Woe betide ...
.... any organization unfortunate enough to suffer a privacy breach today, of all days, being "Data Privacy Day".
In the unlikely event that there are no new ones today, recent newsworthy breaches are liable to be trawled up and paraded across the media, again.
I've been writing about preparing to deal with malware incidents all this month. Managing or controlling the publicity aspects is trickier than it may appear. Sony pulled a master stroke in getting its legal team to threaten action against journalists who continued to exploit the tittle-tattle disclosed in the Sony Pictures Entertainment breach five years ago - but that's not a universally applicable approach. Travelex did well to get basic, static web pages published quickly, plus a talking-heads video explanation/apology by the CEO ... but ask their retail customers whether they feel 'informed', while the promised restoration of services is patently taking longer than anyone (except perhaps the cybercrims behind the attack) wants.
Blend in the compliance aspects as well for good measure. I suspect British Airways and Marriott International, for instance, would have much preferred to take their corporal punishment under GDPR in private, rather than baring their bottoms on News At Ten.
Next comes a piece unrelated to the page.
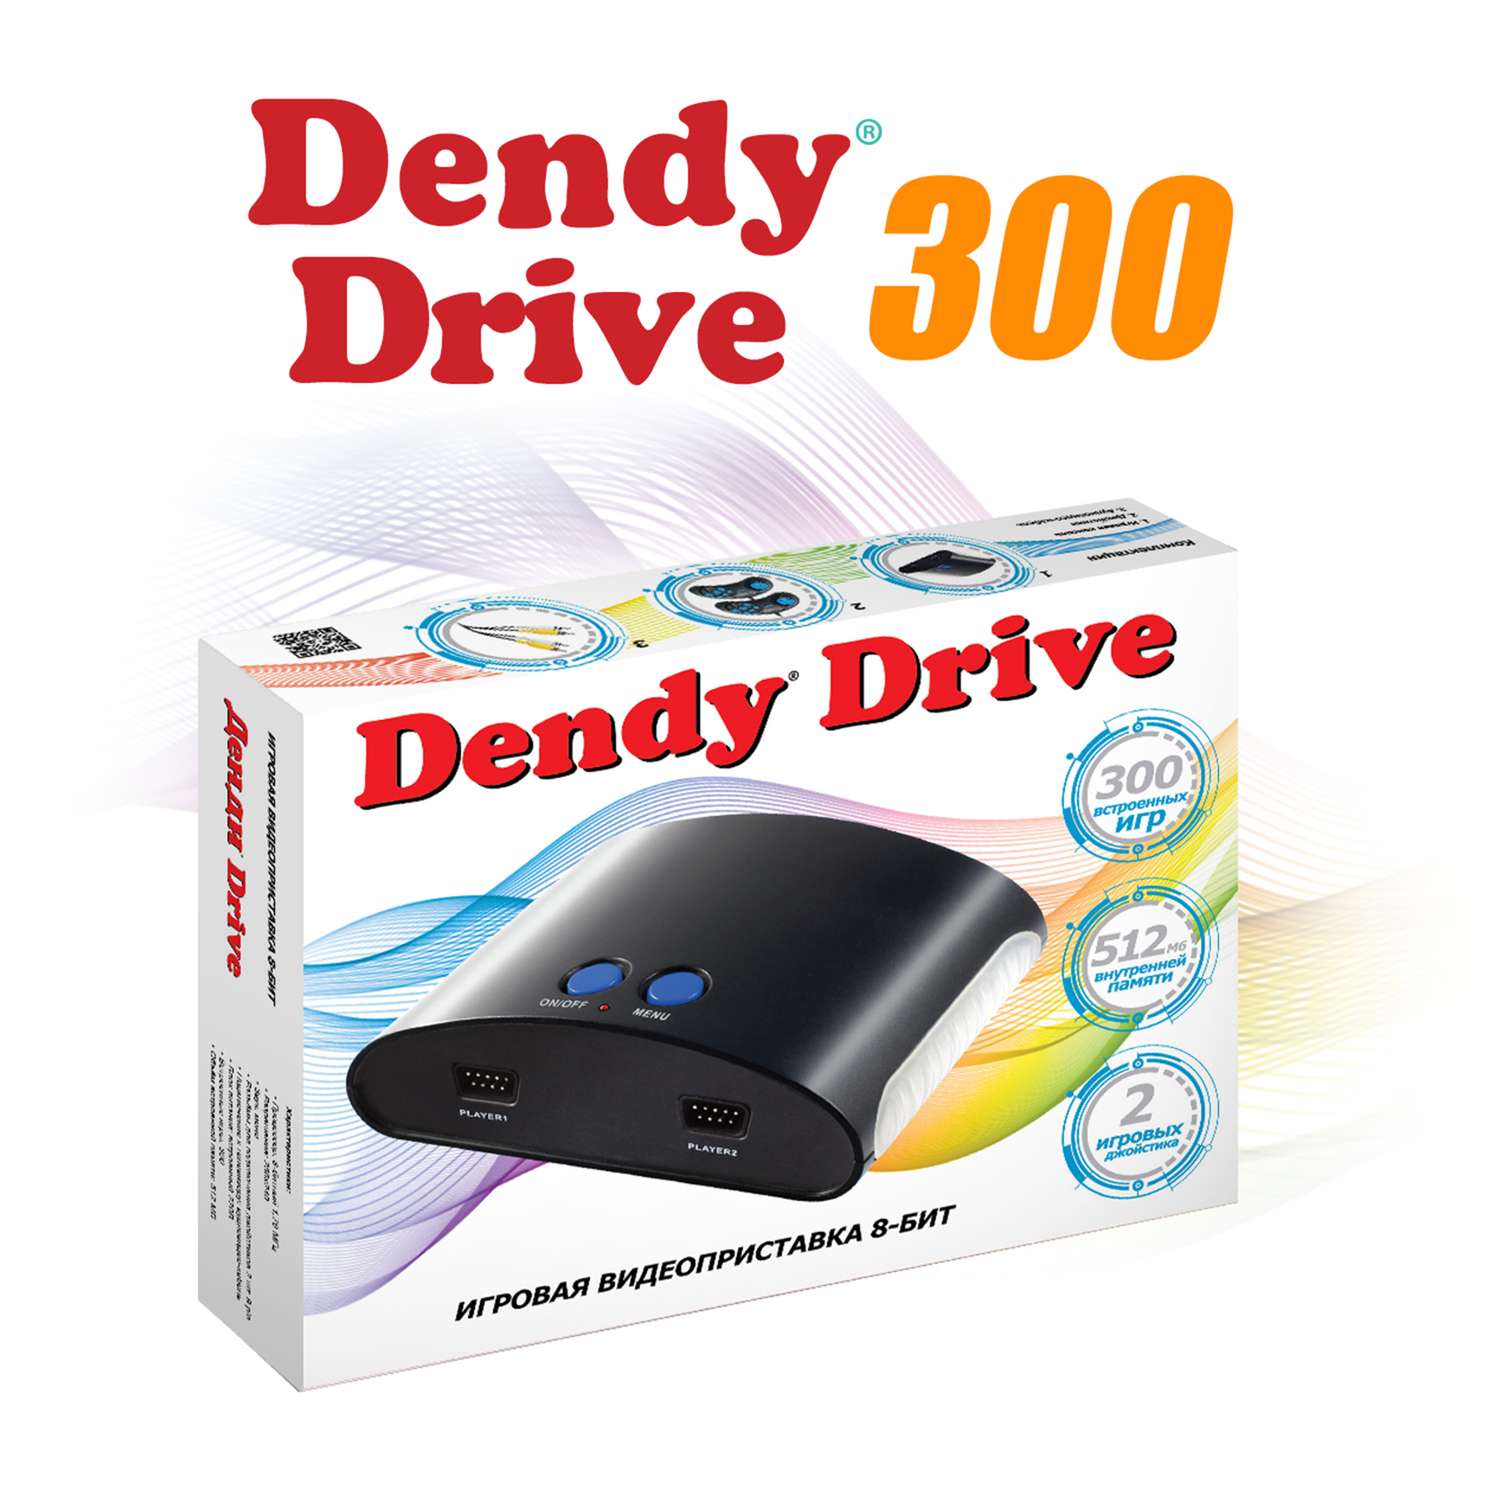 Игровая приставка Dendy Drive 300 игр - фото 1

There's a fine line between their being directly blamed for causing the incidents, and being blamed for failing to prevent them - a line which Public Relations teams might do well to consider. The real culprits here are the cunning VXers, hackers and cybercrims, rather than their targets. Defending all points at once is undoubtedly much tougher than exploiting one or more vulnerabilities. It's not a fair fight! Too bad: that's how it is ... but maybe it wouldn't hurt to explain that.
By the way, the issues multiply when you take into account the wide range of people and organizations who want to know and/or should be kept informed. Take employees, for instance: when the screens go dark in any IT-enabled organization, workers are left wandering and wondering. What can management say to explain the situation and reassure people? How can they even get their calming messages out if the comms are down? Same thing with suppliers, customers, partners, owners and authorities. This is where preparing for serious malware incidents makes good business sense. It sure beats leaving them all wandering and wondering!
(Some) IT, comms and information services are bound to degrade in and following an incident, but it takes deliberate effort to ensure they degrade gracefully, with dignity, rather than collapsing into a blubbering, smouldering heap.
Meanwhile, deep down in the engine room, are the IT pros frantically running in circles tearing their remaining hair out, or systematically following a tried and tested process for halting the incident, maintaining resilient services, restoring others and gathering the forensic evidence that might one day be necessary to prosecute the offenders? Again, preparation is key, especially when "time is of the essence" (which is always!).
If the lights go out before anyone has thought to get a torch, good luck with your fumbling.